Graphs are tools for analysis and communication (Schmid 1983). They provide a different perception about data, summarizing observations based on some defined output. Cleveland and McGill (1985) have shown that graphical methods are successful if the decoding process is effective. Moreover, some methods are better than others in terms of graphical perception. To avoid problems during data interpretation, simple and effective graphical methods such as boxplots and scatterplots were used. A boxplot is a summary plot based on the median, quartiles, and extreme values. The box represents the interquartile range that contains 50% of the values. The whiskers are lines that extend from the box to the highest and lowest values, excluding outliers. A line across the box indicates the median. In the scatterplot, one numeric variable is plotted against another, representing graphically the distribution of both variables (Ott 1993).
After becoming familiar with data through graphic methods, a second type of analysis is done through numeric procedures. Statistics is generally defined as a methodology for collecting, presenting, and analyzing data. Multiple purposes are recognized for the use of statistics, including its capability to summarize data, validate theories, provide forecasts, evaluate trends, and select a particular sample of interest. Descriptive statistics is used to organize and summarize data. Inferential statistics combines descriptive statistics with probability theory, generalizing the results of a study of a few individuals to a larger group. The mean is the most commonly used measure of central tendency. It is the 'center of gravity' or the 'balancing point' of a set of observations. However, the mean does not account for the variability of data in the range of values. To determine how typical the measure of central tendency is in a distribution, it is necessary to analyze measures of dispersion. Standard deviation is the most commonly used measure of dispersion. Mean, standard deviation, minimum and maximum values were used for the study of structural vegetation variables.
Another numeric approach in exploratory data analysis is the study of statistical relations between two variables. Pearson's correlation coefficient and its significance levels were used to measure the strength of association between the variables under analysis.
Finally, analysis of variance (ANOVA) was used as a statistical technique designed to determine whether or not a particular classification of the data is meaningful.

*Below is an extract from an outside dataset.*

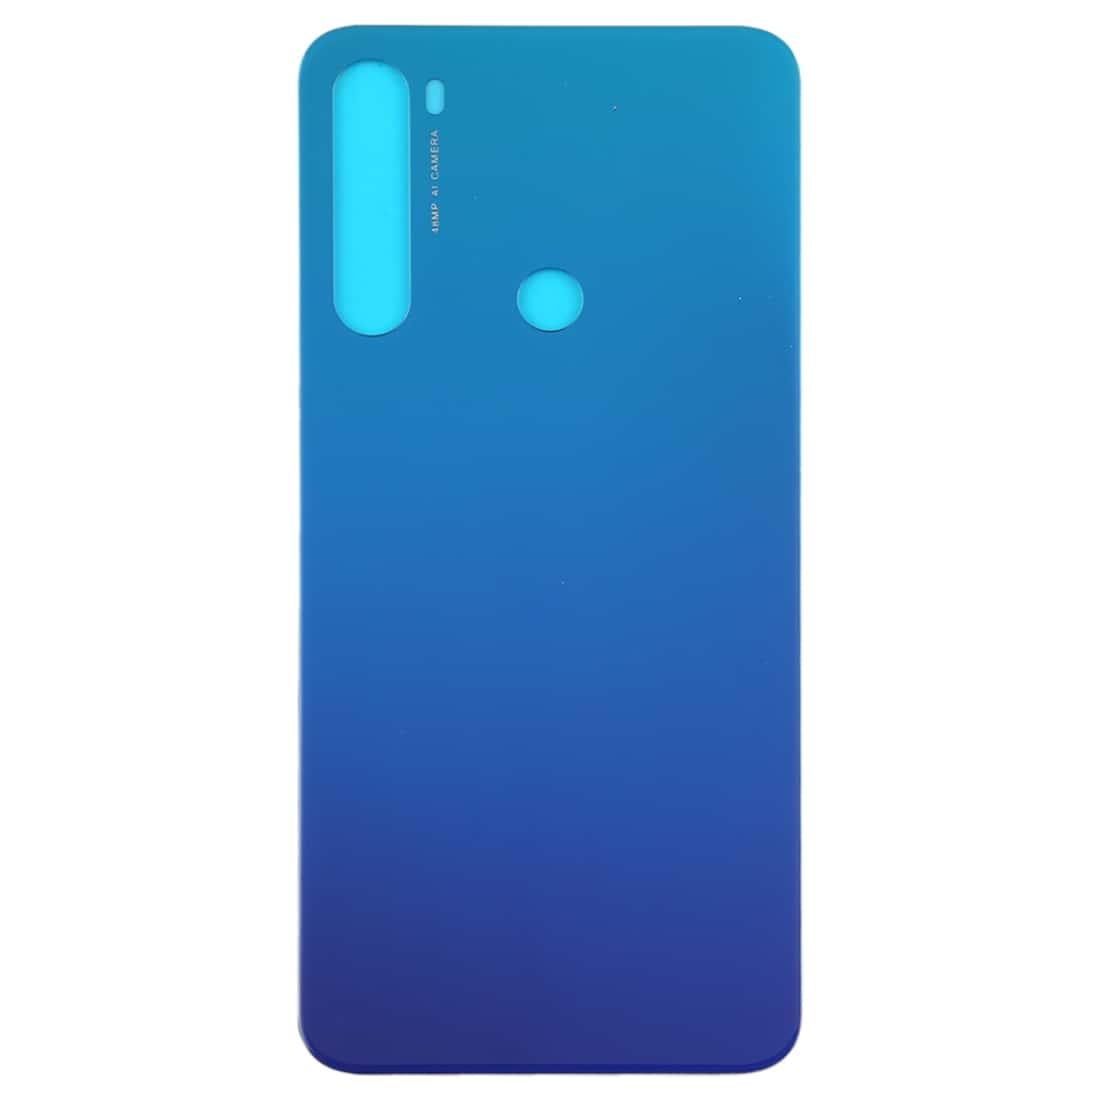 Back Glass Panel for  Xiaomi Redmi Note 8 Blue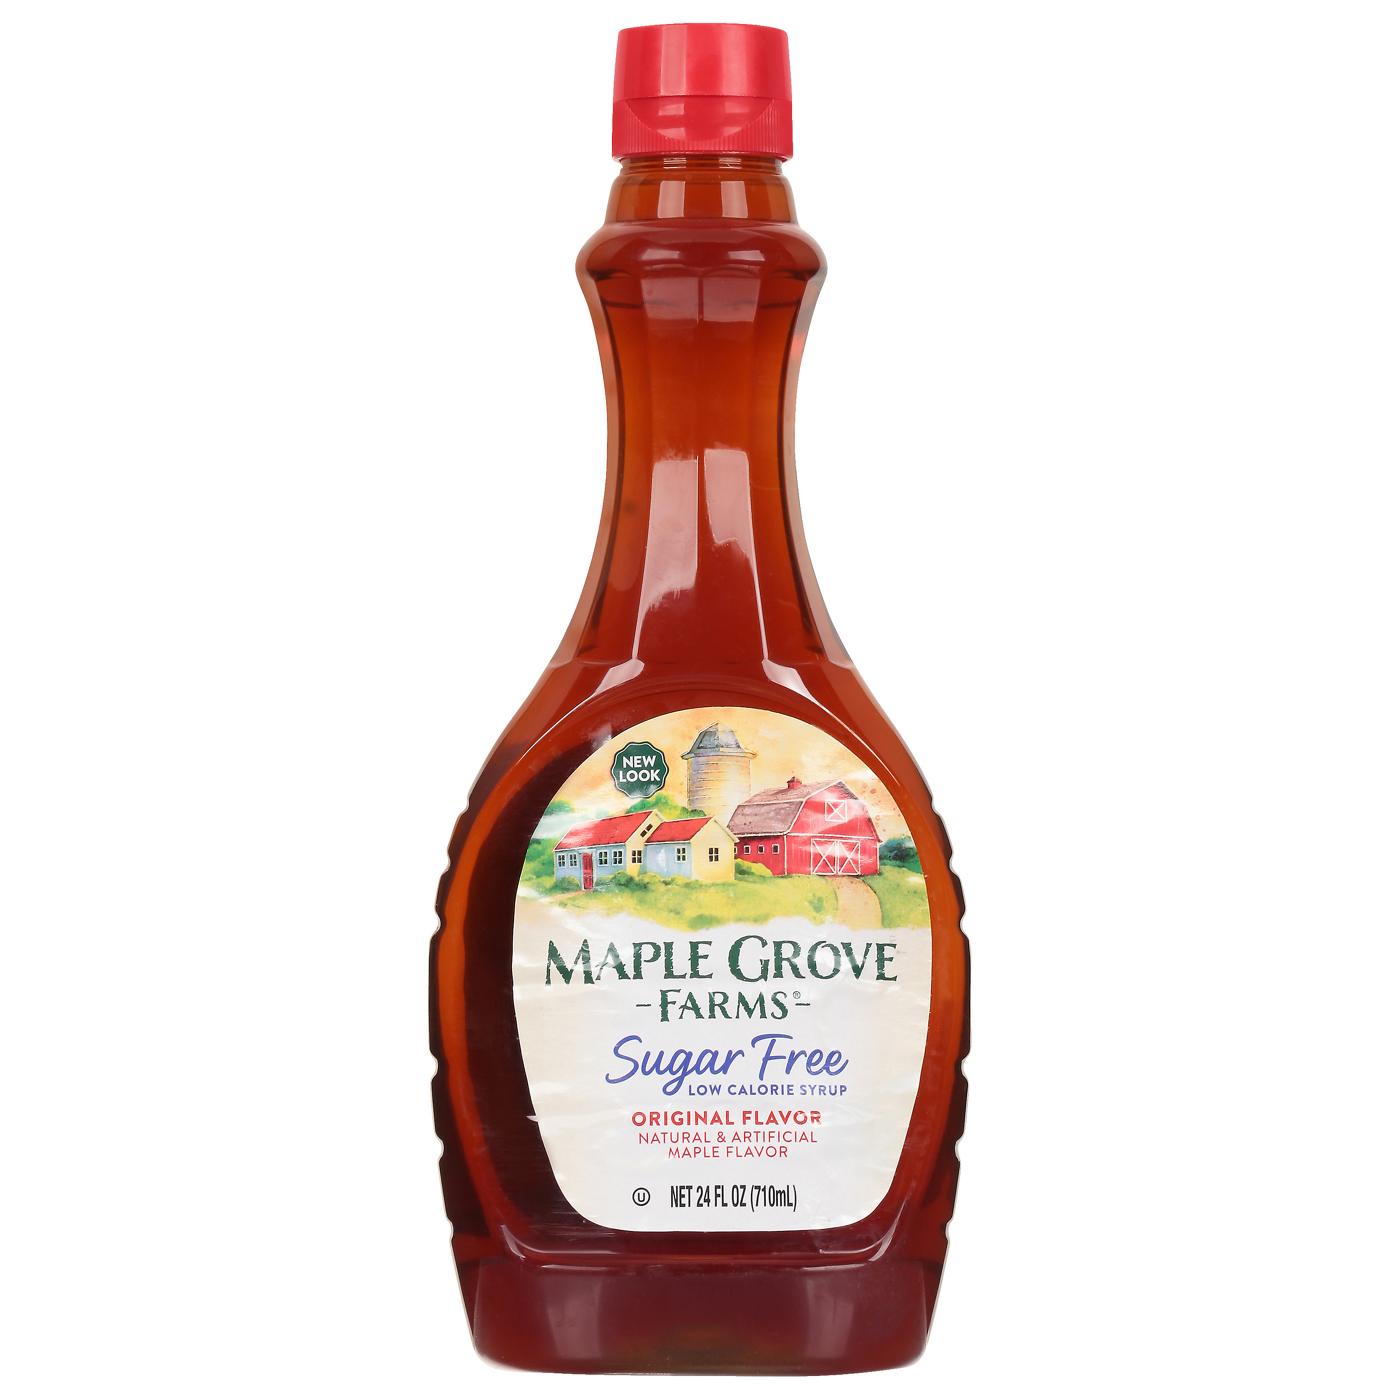 Maple Grove Farms Sugar Free Maple Flavor Syrup; image 1 of 2

Data are decomposed to structure an F-test to test the hypothesis that the between-class variation is large relative to the within-class variation, which implies that there is a significant variation in the dependent variable between classes. The theoretical background about the procedures used and statistical significance of results obtained was based on literature about the topic (among others, Ott 1993, Shaw and Wheeler 1994, Gujarati 1999).